Равен не прерывал ее ни единым словом. Он лишь пристально смотрел на нее, а когда она смолкла и из ее глаз хлынул поток слез, он вдруг склонился к ней и с глубокой серьезностью в голосе произнес:
– Не плачь, Габриэль! По отношению к тебе я не был несправедлив.
Габриэль перестала плакать. Опомнившись, она ясно представила себе всю неосторожность своих слов. Она ожидала взрыва гнева, и вдруг вместо него это непонятное спокойствие; молча, почти робко, она потупилась.
– Итак, ты «не желаешь моего состояния», – продолжал барон. – Откуда же тебе вообще известно, кого я намерен назначить своим наследником? Я никогда не говорил тебе об этом, и, значит, относительно этого предмета у тебя были беседы с твоей матерью.

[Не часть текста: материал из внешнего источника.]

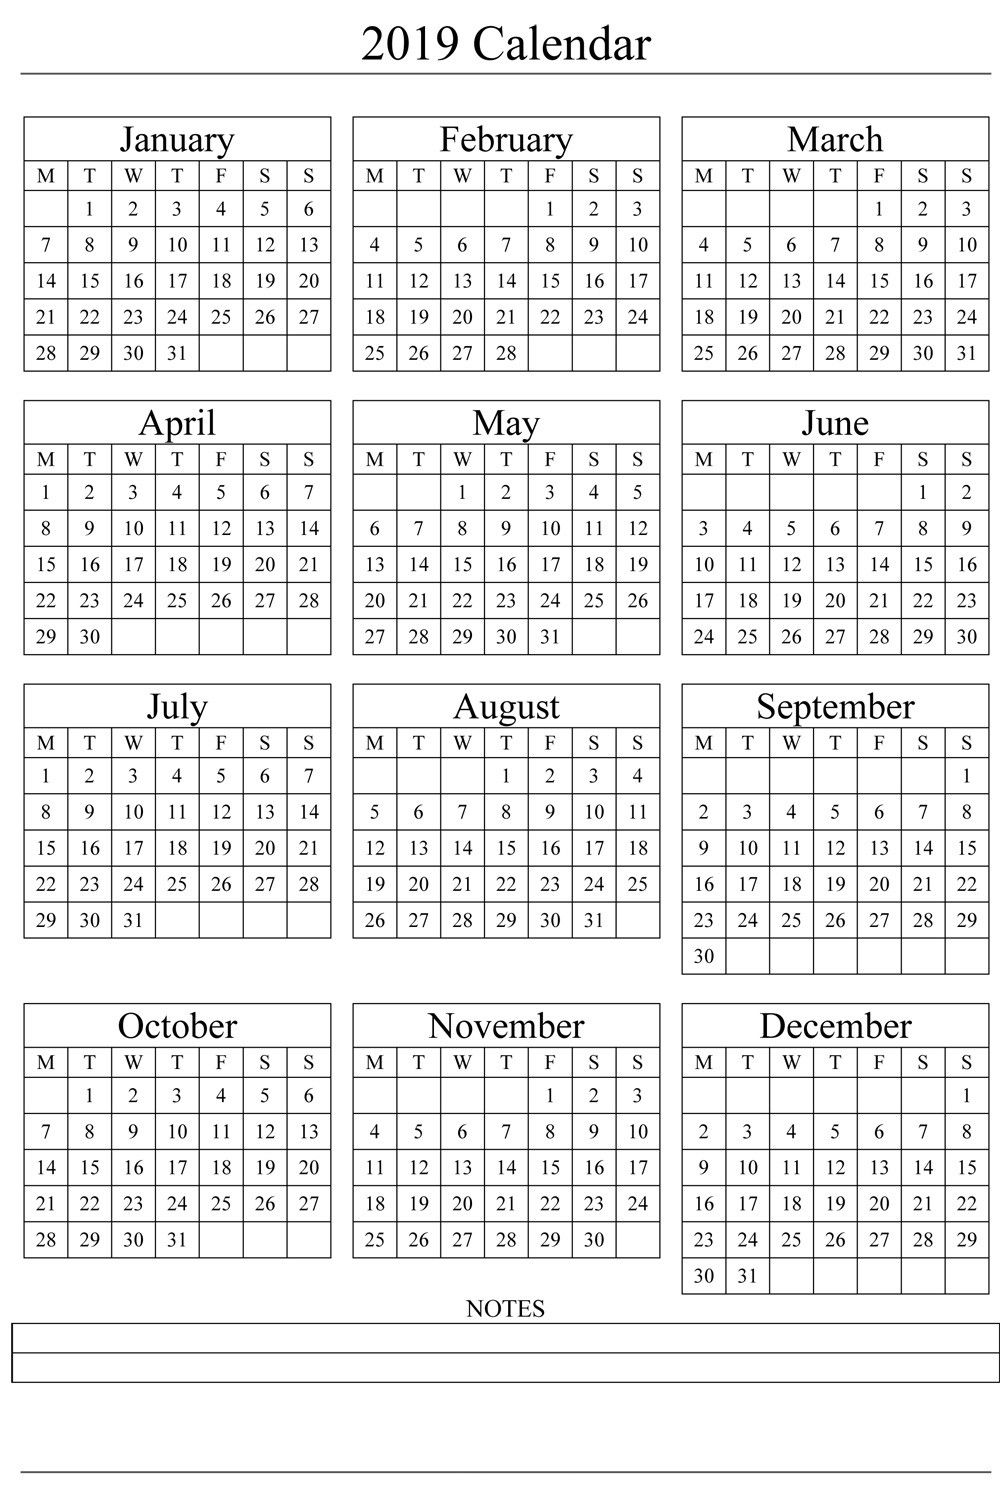 2019 Printable Calendar Templates [Free]

Девушка вся так и вспыхнула:
– Не знаю… мы никогда…
– Не пытайся отрицать, дитя мое, – прервал ее Равен. – Ложь так же не свойственна тебе, как и расчетливость, иначе ты не вела бы себя так со мной. Я не сержусь на тебя за это; я могу простить тебе твое упрямство, но никогда не простил бы расчета и лицемерия в твои семнадцать лет. Слава богу, воспитание еще не так испортило тебя, как я предполагал.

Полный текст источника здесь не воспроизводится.